(Material provided)

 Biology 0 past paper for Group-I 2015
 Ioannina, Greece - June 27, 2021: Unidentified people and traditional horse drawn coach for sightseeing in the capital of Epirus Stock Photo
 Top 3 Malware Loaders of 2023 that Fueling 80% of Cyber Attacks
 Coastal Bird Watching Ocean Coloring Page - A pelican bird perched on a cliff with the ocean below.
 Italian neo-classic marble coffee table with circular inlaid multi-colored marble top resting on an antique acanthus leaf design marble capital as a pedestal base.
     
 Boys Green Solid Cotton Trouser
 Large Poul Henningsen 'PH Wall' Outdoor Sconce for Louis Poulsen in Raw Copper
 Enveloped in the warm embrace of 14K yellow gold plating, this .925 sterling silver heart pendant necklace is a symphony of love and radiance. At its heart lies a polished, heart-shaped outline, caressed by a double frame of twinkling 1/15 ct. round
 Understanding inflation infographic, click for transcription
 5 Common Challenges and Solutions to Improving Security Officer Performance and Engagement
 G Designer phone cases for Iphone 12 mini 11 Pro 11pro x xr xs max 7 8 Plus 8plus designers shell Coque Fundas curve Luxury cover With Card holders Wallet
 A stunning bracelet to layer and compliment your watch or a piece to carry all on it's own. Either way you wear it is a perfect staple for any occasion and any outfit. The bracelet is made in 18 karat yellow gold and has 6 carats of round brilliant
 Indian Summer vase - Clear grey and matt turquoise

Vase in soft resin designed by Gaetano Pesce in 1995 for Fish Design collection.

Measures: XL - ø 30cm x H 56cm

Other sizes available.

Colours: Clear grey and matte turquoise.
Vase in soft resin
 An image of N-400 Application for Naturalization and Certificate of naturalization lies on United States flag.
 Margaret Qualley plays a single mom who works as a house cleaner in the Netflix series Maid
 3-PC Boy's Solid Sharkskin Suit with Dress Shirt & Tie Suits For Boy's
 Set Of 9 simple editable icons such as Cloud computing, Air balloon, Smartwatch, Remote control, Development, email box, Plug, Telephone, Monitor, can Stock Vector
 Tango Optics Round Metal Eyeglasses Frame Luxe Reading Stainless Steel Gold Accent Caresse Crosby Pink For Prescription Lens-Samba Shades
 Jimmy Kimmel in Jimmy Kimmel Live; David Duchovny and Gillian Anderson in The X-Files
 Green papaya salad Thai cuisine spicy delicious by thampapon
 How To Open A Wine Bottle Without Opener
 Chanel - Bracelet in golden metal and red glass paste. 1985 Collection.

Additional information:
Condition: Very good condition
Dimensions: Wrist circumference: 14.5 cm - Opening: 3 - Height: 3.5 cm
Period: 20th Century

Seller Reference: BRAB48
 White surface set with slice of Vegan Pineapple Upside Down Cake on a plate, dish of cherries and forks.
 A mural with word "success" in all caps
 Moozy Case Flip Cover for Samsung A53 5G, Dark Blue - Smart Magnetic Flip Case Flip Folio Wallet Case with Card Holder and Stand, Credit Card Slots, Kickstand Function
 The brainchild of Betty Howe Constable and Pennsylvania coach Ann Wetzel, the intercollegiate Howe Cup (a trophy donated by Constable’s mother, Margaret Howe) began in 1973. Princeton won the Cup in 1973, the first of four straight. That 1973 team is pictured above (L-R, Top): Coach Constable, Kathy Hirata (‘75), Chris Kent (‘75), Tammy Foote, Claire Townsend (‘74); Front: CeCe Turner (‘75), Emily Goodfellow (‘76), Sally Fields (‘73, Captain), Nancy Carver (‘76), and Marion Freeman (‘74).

(End Material provided)

*Task objective*: Where the string "Stock" shows up in the listing above, copy the line that holds it.

*Solution to the exercise*:
 Ioannina, Greece - June 27, 2021: Unidentified people and traditional horse drawn coach for sightseeing in the capital of Epirus Stock Photo
 Set Of 9 simple editable icons such as Cloud computing, Air balloon, Smartwatch, Remote control, Development, email box, Plug, Telephone, Monitor, can Stock Vector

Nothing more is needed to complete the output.